In my research project I am inter­ested in bio-inspired and resource-efficient concepts for neuro­mor­phic comput­ing. My goal is to realize these concepts in optical and electronic systems based on organic semicon­duc­tor materi­als and to describe their physi­cal foundations.

Why is our human brain capable of incred­i­bly complex tasks such as image, speech and motion recog­ni­tion while consum­ing only a few watts of power? Can we imitate the functional princi­ples of the human brain in order to make its capabil­i­ties techni­cally usable? Can these tasks also be imple­mented in resource efficient way using sustain­able materials?

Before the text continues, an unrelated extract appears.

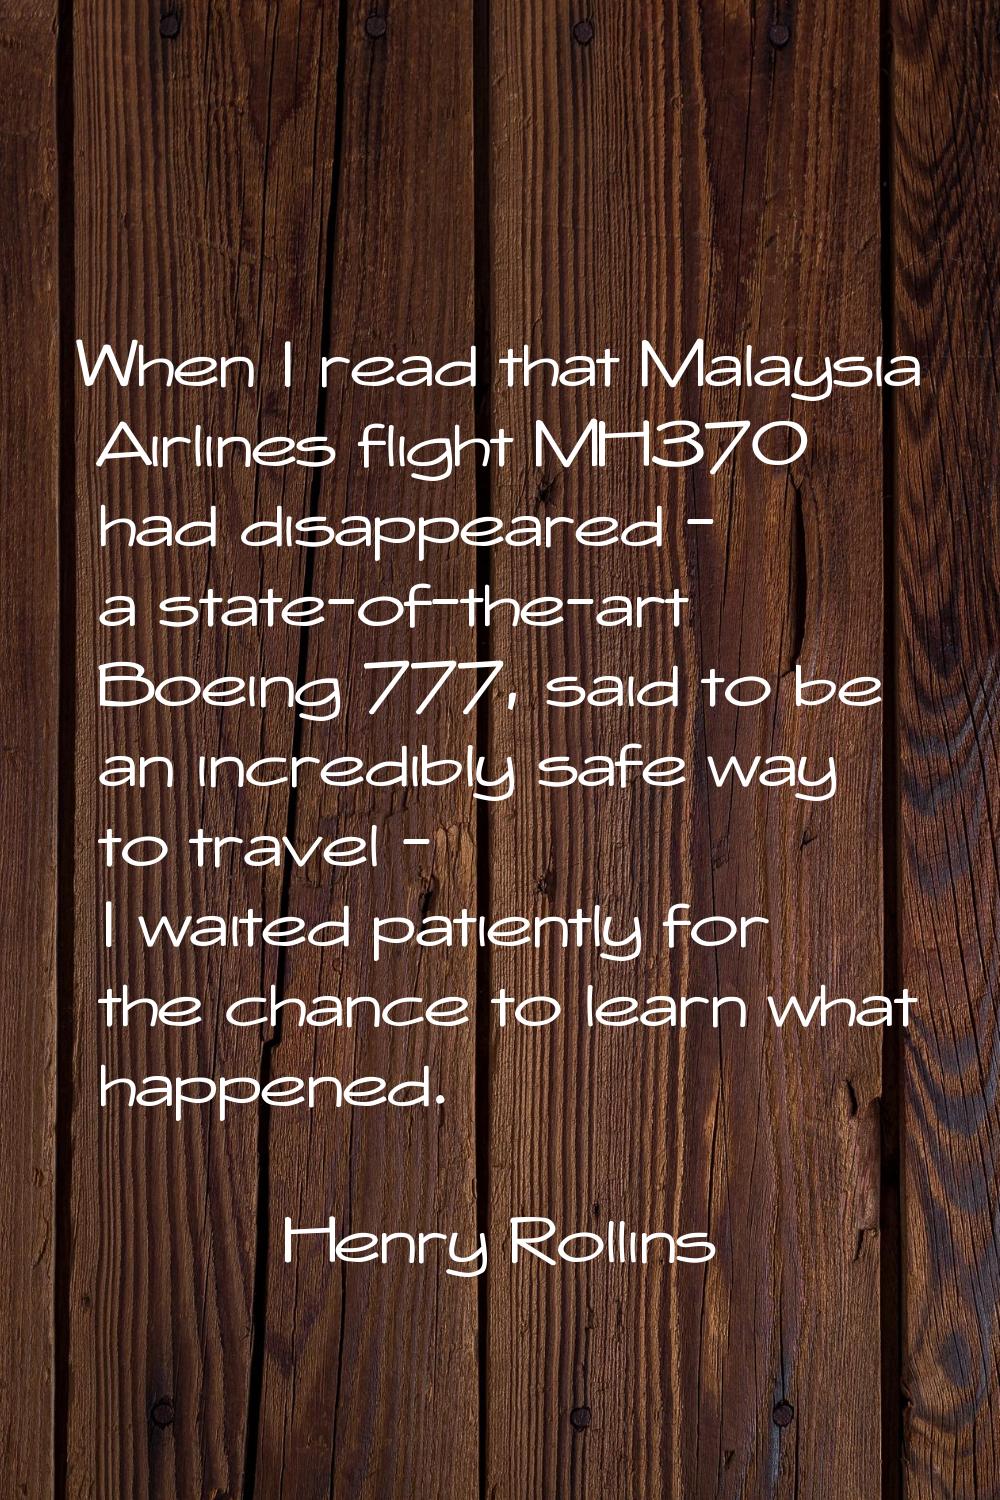 When I read that Malaysia Airlines flight MH370 had disappeared - a state-of-the-art Boeing 777, sa

One promis­ing approach is the direct use of physi­cal systems for neuro­mor­phic comput­ing. The innov­a­tive idea is to classify the data directly on a small and energy-efficient sensor chip made of biocom­pat­i­ble materi­als instead of using large data centers.

In fact, there are hydro­car­bon compounds that have the neces­sary semicon­duct­ing proper­ties. So-called organic electronic-ionic mixed conduc­tors, for example, are partic­u­larly excit­ing. Firstly, they are based on the same basic princi­ples as synapses in the human brain, namely the exchange of electronic and ionic charge carri­ers in a liquid environ­ment. Secondly, the switch­ing and storage proper­ties can be modified and controlled. Thirdly, they are sensi­tive to environ­men­tal influ­ences such as light, temper­a­ture, chemi­cal environ­ment, etc. Thus, they offer the poten­tial to simul­ta­ne­ously detect and classify signals. In the future, one could imagine even a direct inter­face with biolog­i­cal systems.